Welcome | |
Type: | ep |
Artist: | Idles |
Cover: | Welcome Idles.jpg |
Border: | yes |
Released: | 4 August 2012 |
Recorded: | Fall 2011 |
Genre: | Post-punk revival |
Label: | Fear Of Fiction |
Prev Title: | Idles |
Prev Year: | 2011 |
Next Title: | Meat |
Next Year: | 2015 |
Welcome is the first extended play by British rock band Idles. The extended play was released originally as a demo on 31 December 2011 before being released for the public on 4 August 2012 through independent label, Fear Of Fiction.
The extended play has been described as drastically different from their current work, as the sound of this EP has been compared to having a more cleaner, post-punk sound more akin to the likes of Interpol, Editors, and Radio 4.
At the time of recording this album, the band was just a music duo, composed of singer Joe Talbot and bassist Adam Devonshire, who met while at College in Exeter, eventually deciding to start a band.[1]
Idles have their roots in the Bat-Cave Night Club in Bristol.
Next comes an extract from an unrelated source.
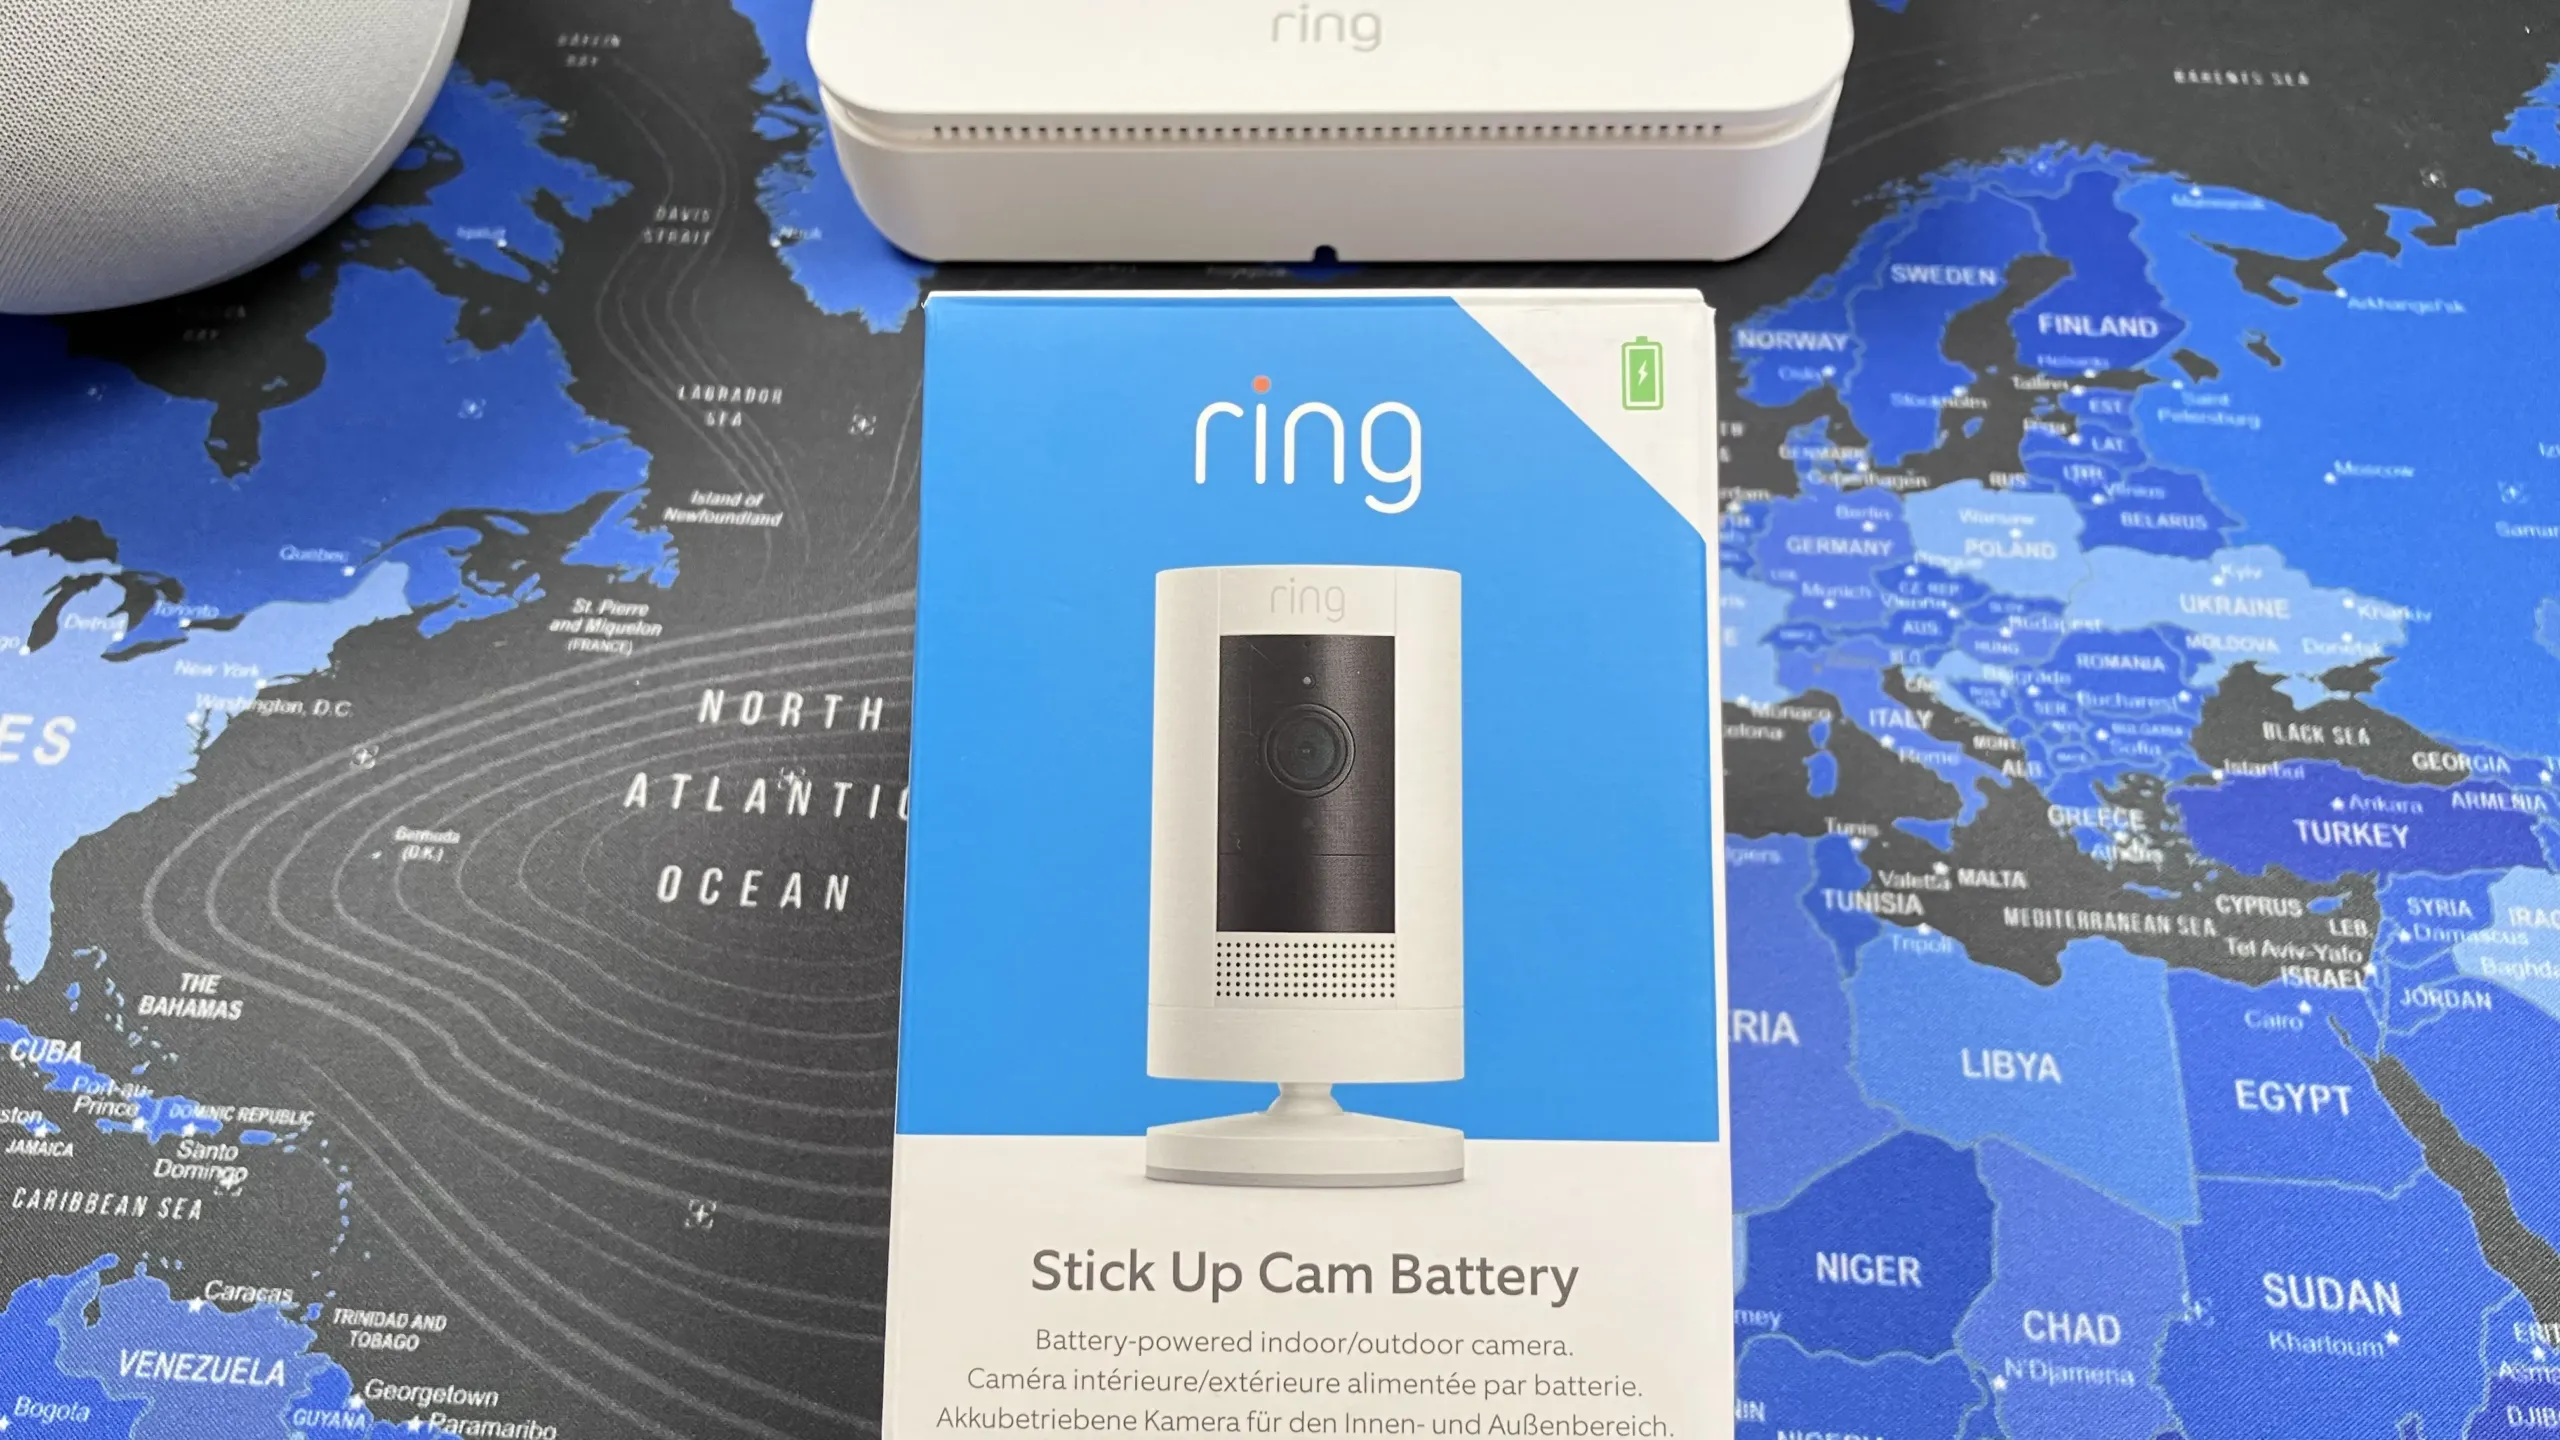 Ring Stick Up Cam Battery de Amazon

According to Talbot, "It took us a long time to get productive because we didn’t know what the fuck we were doing at all, we were fucking terrible for a long time." The band's first release was the Welcome EP in 2012. By 2014 the band comprised Talbot, Devonshire, guitarists Mark Bowen and Lee Kiernan, and drummer Jon Beavis.[2] They released a second EP, Meat, and Meta, an EP of remixes, in 2015, and then started writing songs for their debut album.
At the time of the EP, the band was still relatively unknown outside of the local music scene in their native Bristol.
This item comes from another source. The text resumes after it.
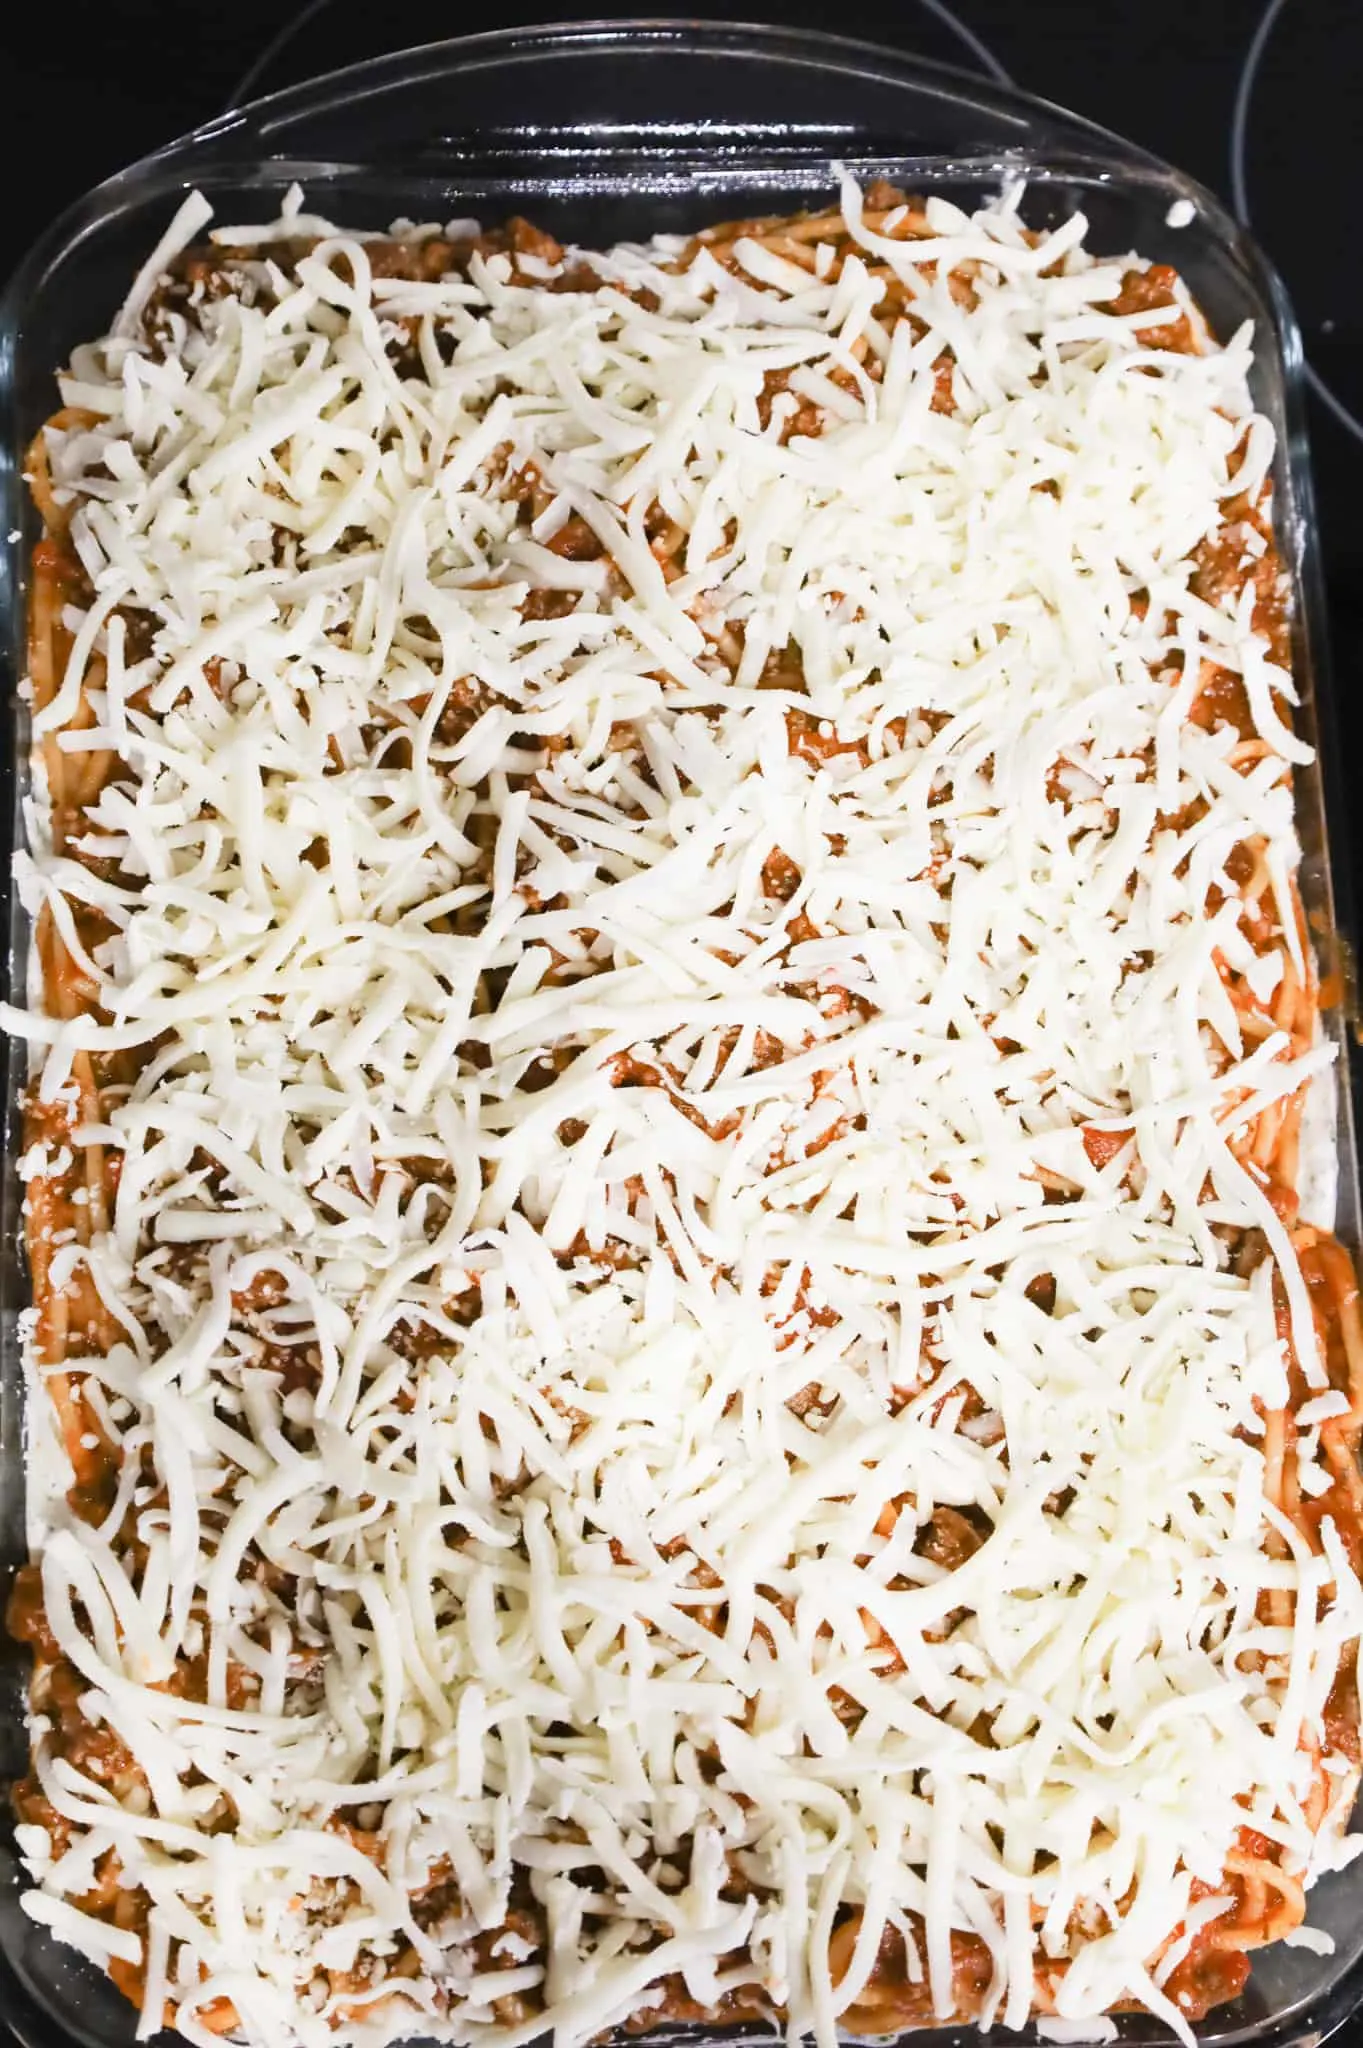 shredded mozzarella on top of spaghetti in a baking dish

Local music website Gold Flake Paint reviewed the album in a mixed review calling it mysterious. Write, Tom Johnson, summarized the EP as "across this impressive introduction Idles show glimpses of light and dark, restraint and release, and joy and sorrow; to the point where you’re never quite sure where you stand with them – and whether you are, in fact, welcome at all. Something tells us it’ll be worth sticking around to find out though."[3]
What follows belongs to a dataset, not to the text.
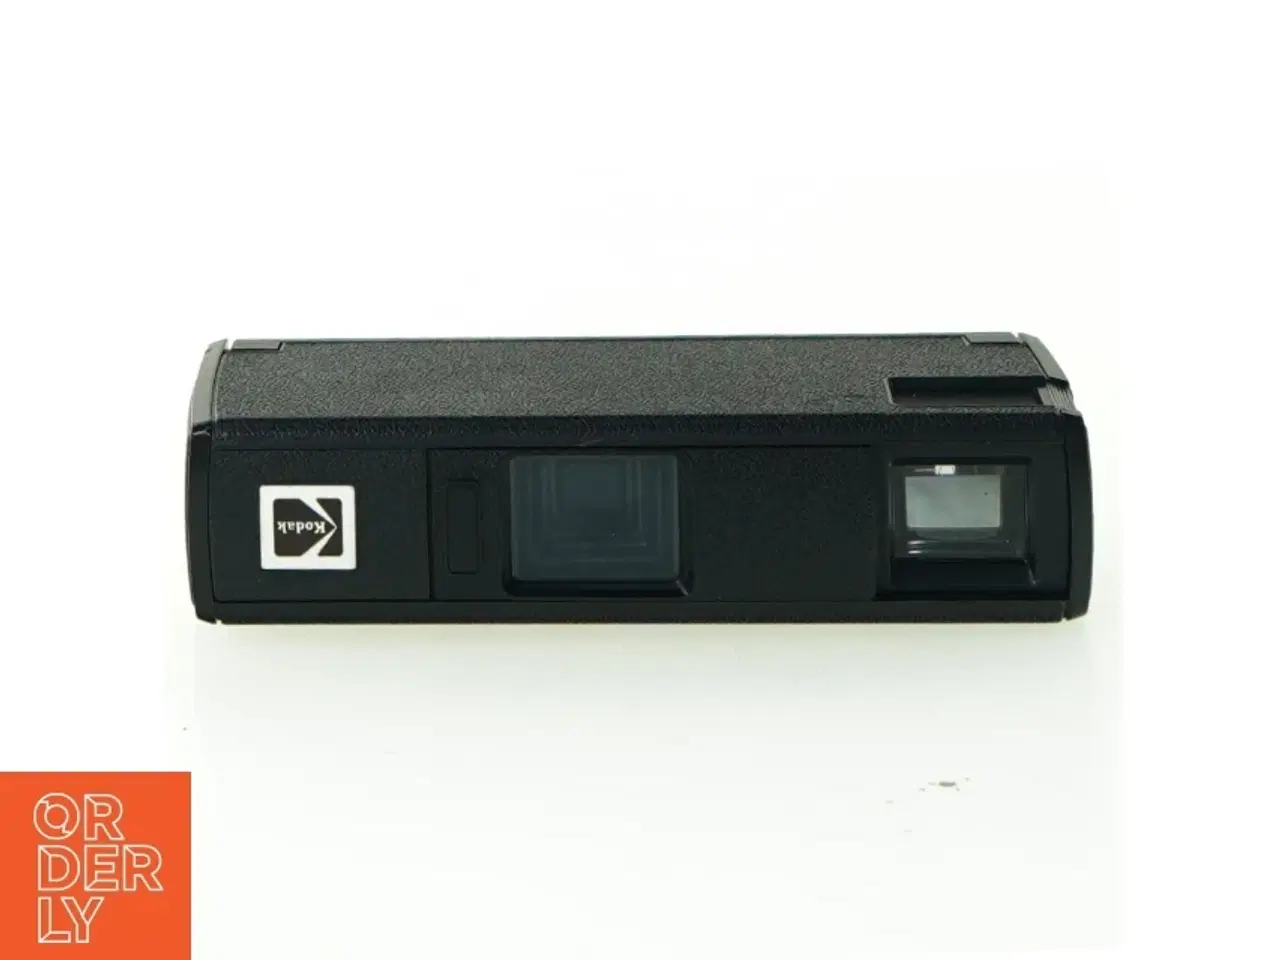 Billede 1 - Kamera fra Kodak (str. 12 x 6 x 3 cm)

Members of the band have stated in retrospect that they hate Welcome and feel that the direction of the extended play was aimless. Critics in retrospective reviews of the EP felt the album was too cautious and sounded too much like other post-punk revival bands rather than their own identity.[4] Of the time of recording and of the EP, Joe Talbot said that "it took us a long time to get productive because we didn’t know what the fuck we were doing at all, we were fucking terrible for a long time."[1]
Nevertheless, the album has been credited as an album that broke Idles into relevancy and fostered fans, although fans have been critical of the album. During a show in September 2018, a fan in the audience requested the band would play a song off of Welcome which was met from giggles and jeers from both people in the audience and members of the band.[5]
Talbot has also felt that Welcome did help the band find their feet in due time although he would not herald the album personally as a music accomplishment.[6]